Recombinant Human GLP1 protein

Glucagon-like peptide-1 (GLP-1) is an incretin hormone primarily secreted by intestinal L-cells in response to nutrient intake. Discovered in the 1980s, it plays a critical role in glucose homeostasis by stimulating insulin secretion, inhibiting glucagon release, slowing gastric emptying, and promoting satiety. However, native GLP-1 has a very short half-life (<2 minutes) due to rapid degradation by dipeptidyl peptidase-4 (DPP-4) and renal clearance, limiting its therapeutic potential.
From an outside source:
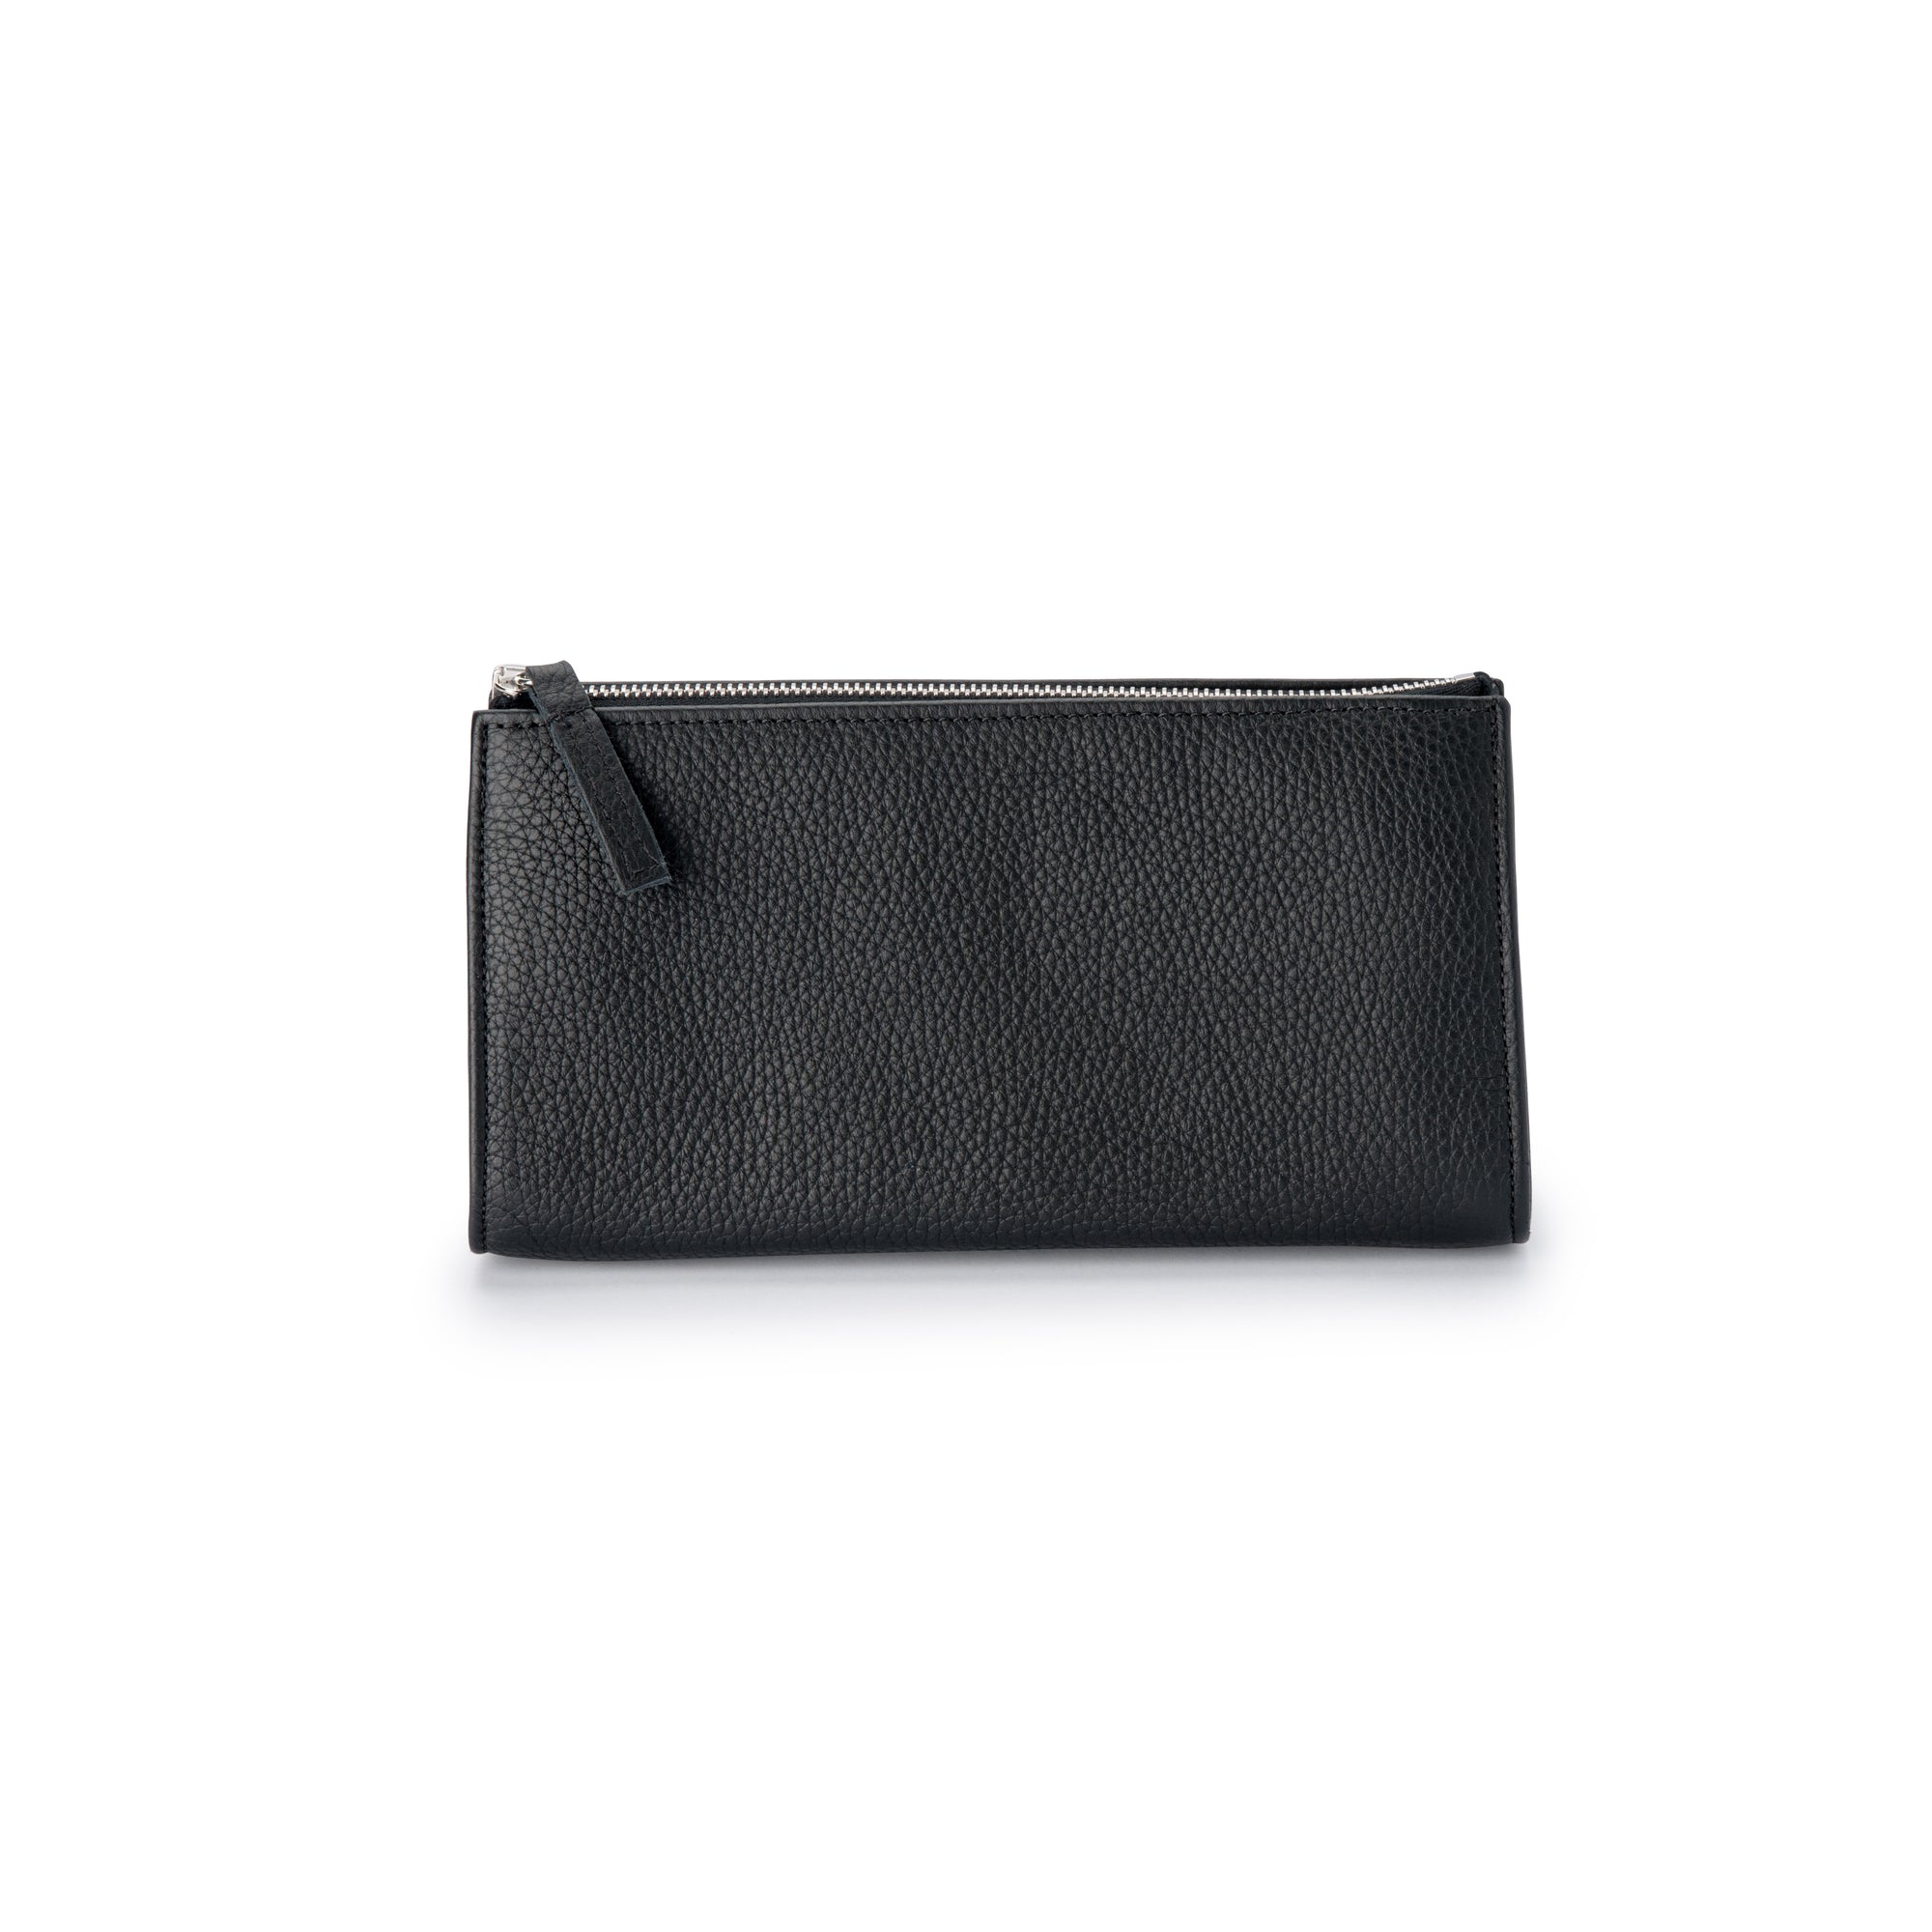 LIN8 unisex small bag for him and her. Made with genuine natural full grain taurillon leather imported from France. Wear it 3-ways as clutch, wristlet, long cross-body strap. Make, design, create your own bespoke leather bag today

This limitation drove the development of GLP-1 receptor agonists (GLP-1 RAs) through recombinant protein engineering. Early innovations included exenatide, derived from the exendin-4 peptide found in Gila monster saliva, which shares 53% homology with human GLP-1 but resists DPP-4 degradation. Subsequent generations focused on structural modifications to enhance stability and prolong action. Liraglutide, introduced in 2010. incorporated a fatty acid side chain for albumin binding, extending its half-life to 13 hours. Semaglutide, approved in 2017. achieved once-weekly dosing through additional structural optimization and albumin conjugation.

These recombinant analogs not only improve glycemic control in type 2 diabetes but also demonstrate cardiovascular benefits and significant weight-loss effects via central nervous system pathways. Their success has expanded research into dual/triple agonists targeting GLP-1. GIP, and glucagon receptors for enhanced metabolic outcomes. Recent advancements in delivery systems, including oral formulations and sustained-release technologies, further address patient compliance challenges. Beyond diabetes and obesity, ongoing studies explore potential applications in non-alcoholic steatohepatitis (NASH), neurodegenerative diseases, and cardiorenal protection, positioning GLP-1-based therapies as transformative agents in metabolic medicine.